Physiological and Biochemical Abnormalities,
Observed in Patients Taking Furosemide
Diuresis and hypovolemia
  • Furosemide blocks the NKCC2 channel in the thick ascending limb
  • The decreased reabsorption of solutes into the inner medulla and the increased delivery of solutes to the distal nephron produces the diuretic effect:
    • The osmolality of the collecting duct fluid increases because of decreased tubular sodium and chloride reabsorption
    • The osmolality of the medullary intestitium decreases for the same reason
    • Ergo, the gradient for osmotic reabsorption of water via the aquaporins in the collecting duct is impaired
    • Thus, more water is excreted, and this is the basis of the diuretic effect
Hypernatremia
  • NKCC2 blockade increases the delivery of sodium to the distal nephron
  • There, sodium is reabsorbed by aldosterone-regulated ENaC channels.
  • As body water volume decreases with frusemide therapy, so the reabsorption of sodium here escalates, as aldosterone is released in response to hypovolemia
  • At the same time total body water decreases
  • The consequence is a concentration of total body sodium, leading to hypernatremia
Hypokalemia
  • The ENaC channel reabsorbs sodium in the collecting duct
  • This generates an apical transmembrane potential, as positively charged ions are being removed from the lumen of the duct
  • This negative apical membrane charge produces a movement of potassium out of the cells via the ROMK channel (Welling, 2016)
  • In this fashion, sodium is exchanged for potassium in the collecting duct
  • Thus, increasing the delivery of sodium to the distal nephron creates an increased potassium excretion.
Hypomagnesemia
  • Potassium reabsorbed by NKCC2 in the thick ascending limb is recycled, whereas the chloride is not
  • This creates a transepithelial potential difference across the tubule wall, i.e. the tubular lumen is more positive
  • This repels positively charged ions like calcium and magnesium, and they are driven out of the tubule
  • Furosemide decreases this electrical gradient for calcium and magnesium reabsorption, resulting in calcium and magnesium wasting 
Hypocalcemia
Metabolic alkalosis
  • Furosemide decreases the extracellular fluid volume, and produces hypokalemia
  • The extracellular volume contraction stimulates the release of aldosterone
  • Both aldosterone and hypokalemia stimulate H+ ATPase activity in the collecting duct, increasing the elimination of H+ into the lumen of the collecting duct
  • This acidifies the urine down to a pH of 4.5
  • This loss of acid results in a systemic metabolic alkalosis
  • An alternative explanation is the increased strong ion difference (SID) of the extracellular fluid due to the increased sodium reabsorption by ENaC, and the increased chloride elimination.
Urinary acidification

References

Ponto, Laura L. Boles, and Ronald D. Schoenwald. "Furosemide (frusemide) a pharmacokinetic/pharmacodynamic review (part I)." Clinical pharmacokinetics 18.5 (1990): 381-408.
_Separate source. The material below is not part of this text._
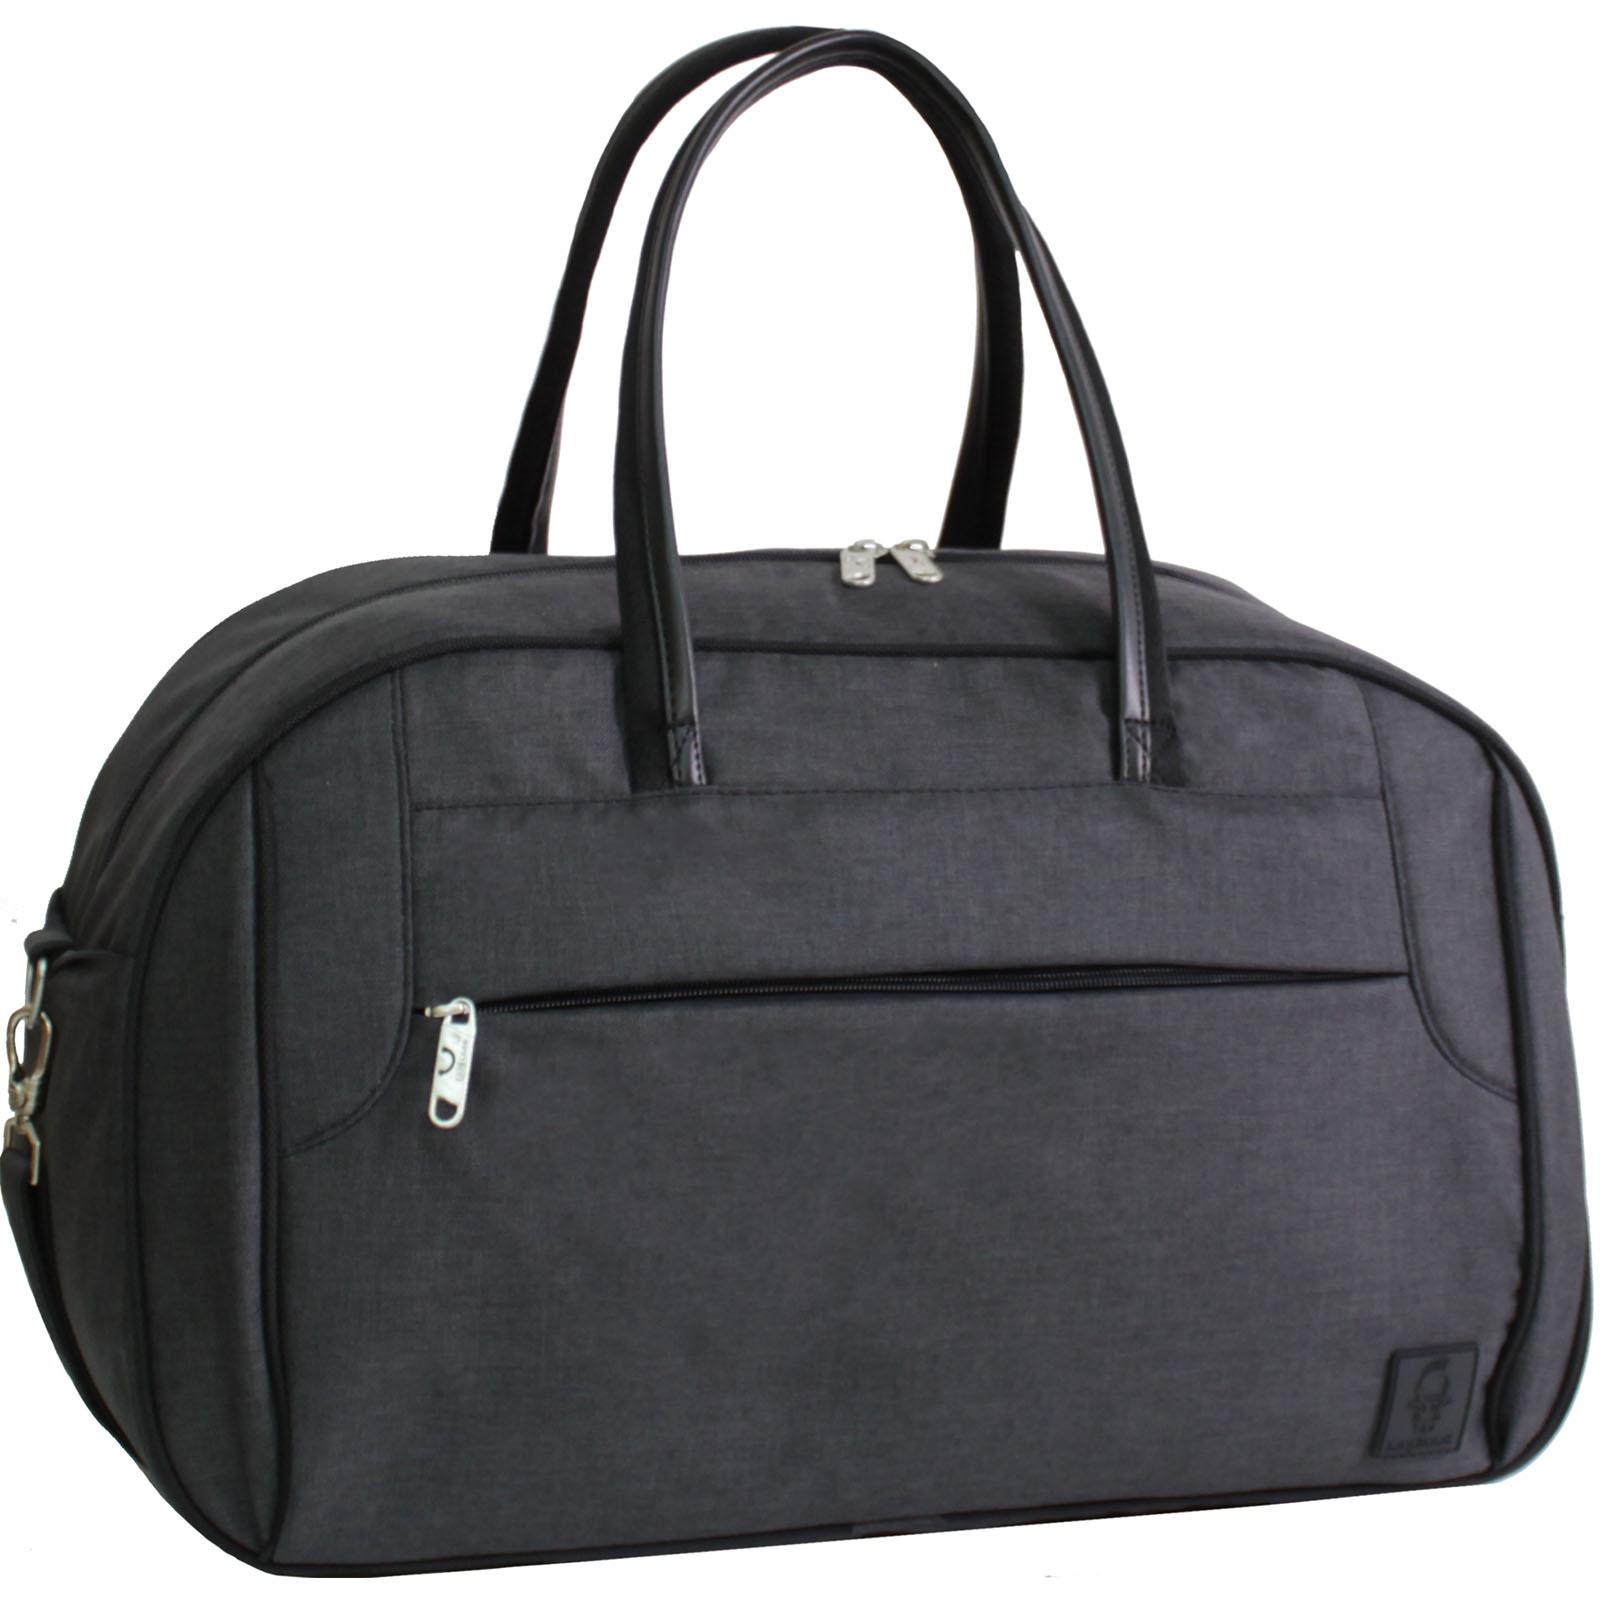 Спортивные сумки Сумка Bagland Тунис 34 л. Черный (0039069) IMG_9151.JPG
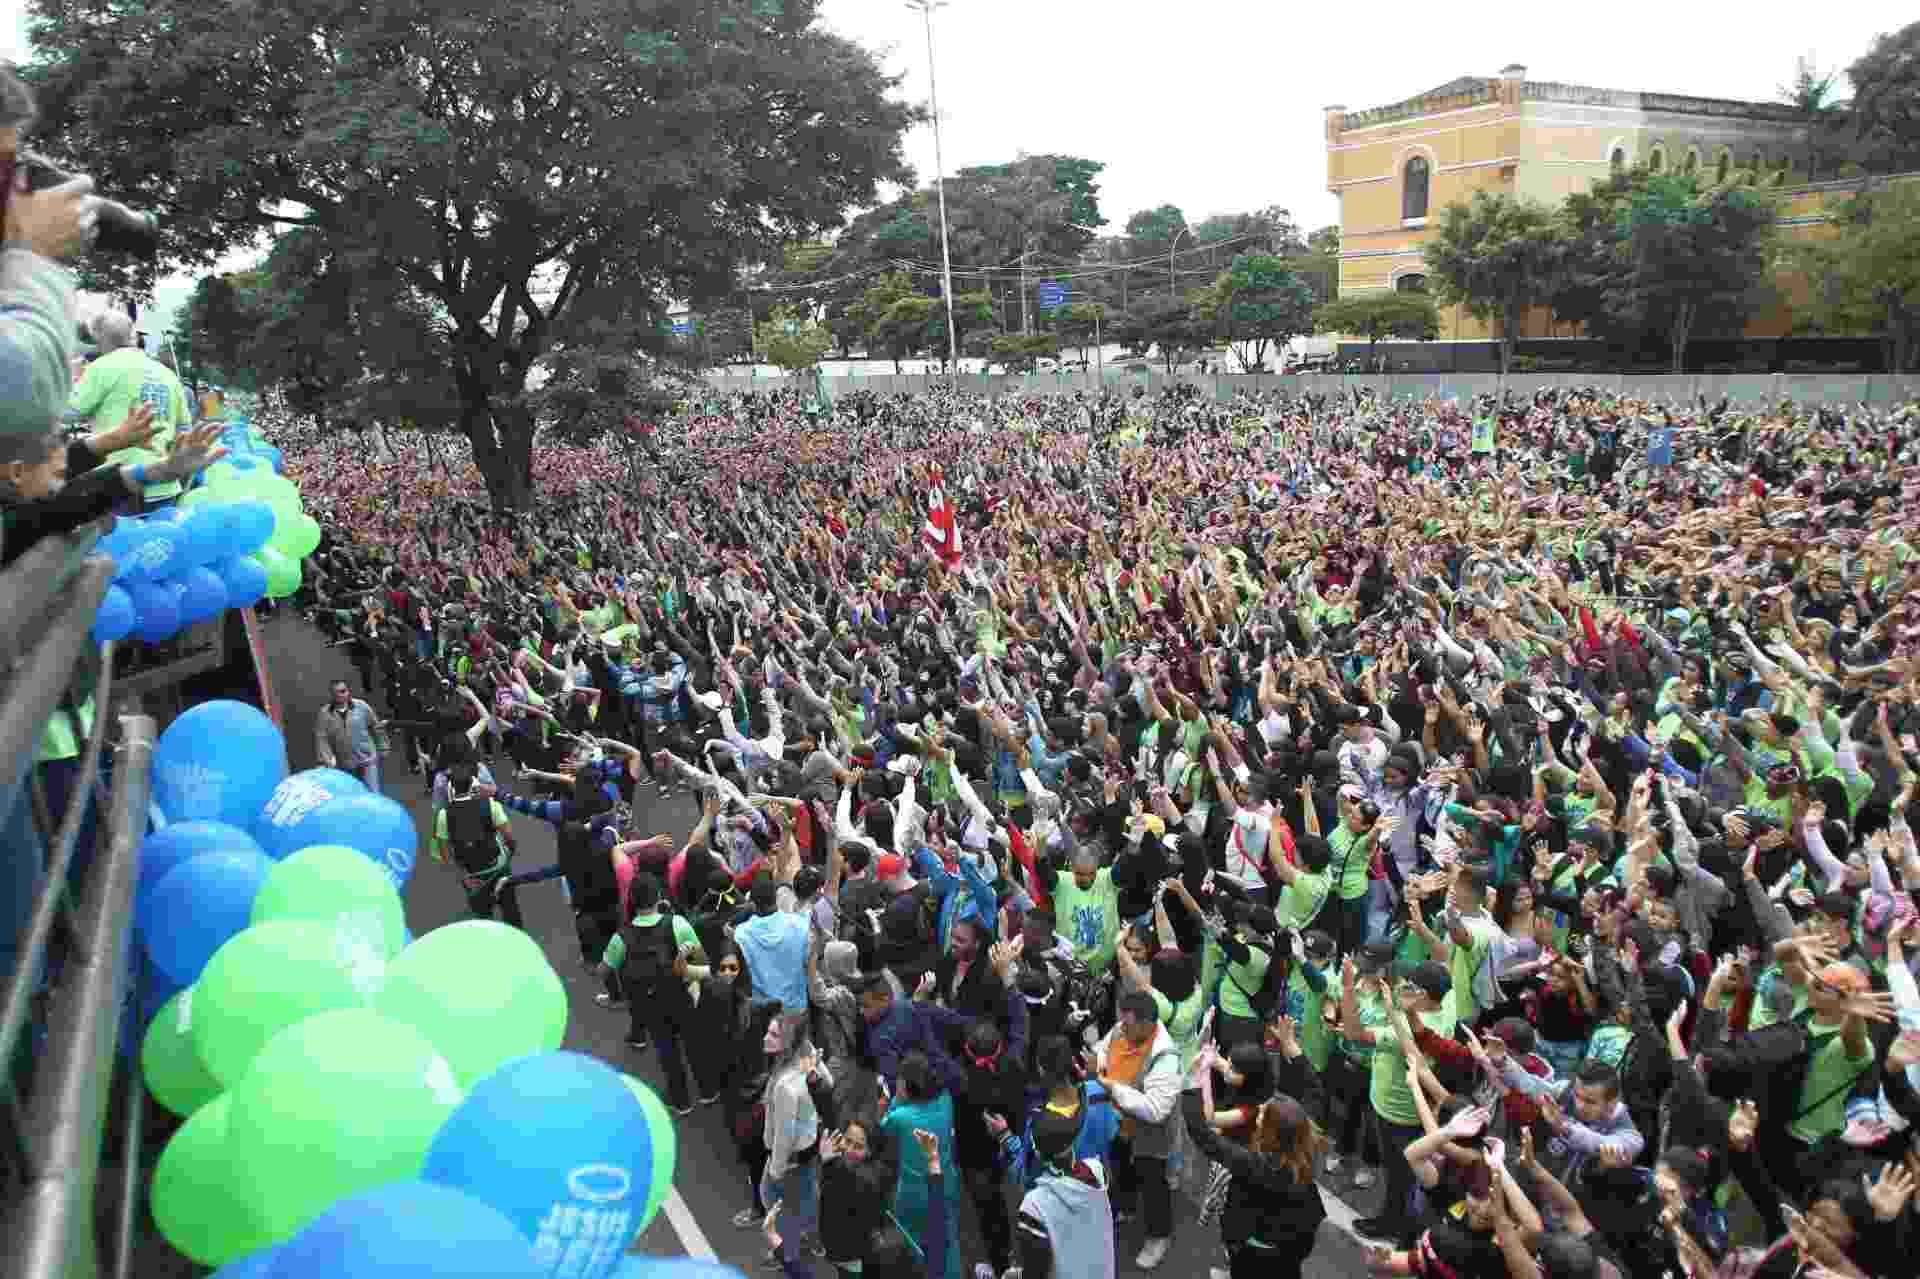 15.jun.2017 - Multidão participa da 25ª edição da Marcha Para Jesus, na avenida Tiradentes, em São Paulo (SP) - Rafael Arbex/Estadão Conteúdo

Ponto, Laura L. Boles, and Ronald D. Schoenwald. "Furosemide (frusemide) a pharmacokinetic/pharmacodynamic review (part II)." Clinical pharmacokinetics 18.6 (1990): 460-71

Huang, Xiaohua, et al. "Everything we always wanted to know about furosemide but were afraid to ask." American Journal of Physiology-Renal Physiology 310.10 (2016): F958-F971.

Maxwell, Robert A., and Shohreh B. Eckhardt. "Furosemide." Drug Discovery. Humana Press, Totowa, NJ, 1990. 67-77.

Wile, David. "Diuretics: a review." Annals of clinical biochemistry 49.5 (2012): 419-431.

Lang, H-J., and M. Hropot. "Discovery and development of diuretic agents." Diuretics. Springer, Berlin, Heidelberg, 1995. 141-172.